In August of 1860, D.U. Martin of Boston was the toast of New York, known as the wherry man, or by some, the wherry berry man.
Vegetarianism was gaining a foothold in the United States in the middle 1800s with the formation of the American Vegetarian Society and Martin was a vigorous proponent of the diet, crediting it for his health and stamina, which he displayed by his rowing. Martin managed to capture the attention of New York City when he arrived in the East River in his wherry, having rowed all the way from Massachusetts over the course of several days. The secret to his success, he told all who would listen, was a vegetarian diet.

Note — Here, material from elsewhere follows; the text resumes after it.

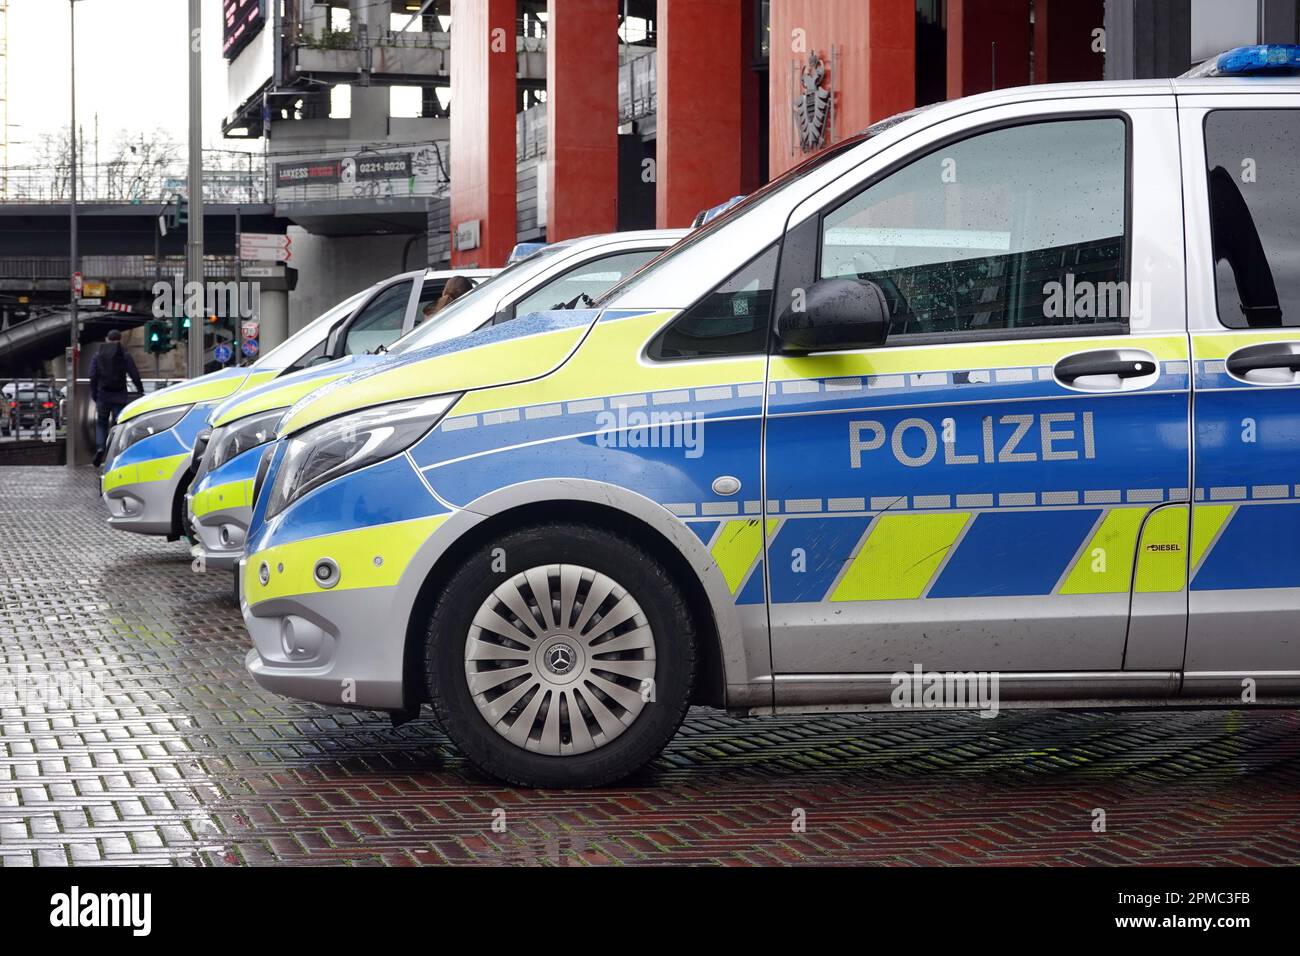 Polizei, Blaulicht, LED-Leuchten eines Polizeiautos Stockfotografie - Alamy

Martin left Boston on August 8th and hopped down the coast to Plymouth, out around Cape Cod to Nauset, from there to Monomy, Hyannis, Woods Hole, New Bedford, Newport, Point Judith, Stonington, New Haven and down the Long Island Sound to New York on the 24th.
Along the way, he slept on beaches, with a lighthouse keeper, and in his boat, fogged in and unable to move. He spent several days on Cape Cod at a Methodist Camp Meeting. All he brought with him were a few articles of clothes, a songbook, a pair of opera glasses, a sponge, his oars and a generous supply of fruits and vegetables, including apples, watermelon and whortleberries.
When his food ran low, he would make stops for more fruit and spread the word about vegetarianism. He stayed in New York for three days, being celebrated by curious visitors, quizzed by newspaper reporters and relaxing at the marina where his wherry had been constructed especially for him, with two enclosed air chambers at either end to make it more buoyant in rough seas. When he wasn’t giving speeches about nutrition, Martin led rowers on short journeys up the Hudson River.
Though most commonly associated with the Thames River in London, where wherries were used to ferry passengers and goods, the small boats also had a following in the United States, where they were used for both work and recreation.
Martin had the previous year made a similar excursion to Nova Scotia, and found his watery travels an enjoyable pastime. When he was last seen in New York, he was rowing up the Hudson River on his way to Albany.
Two years later, the wherry man was to be found in California, where he had gone to join his brother, working as a miner. And naturally he continued his rowing. This time he traveled the Pacific from San Francisco to Panama and extolling the virtues of bananas, oranges and other tropical fruits.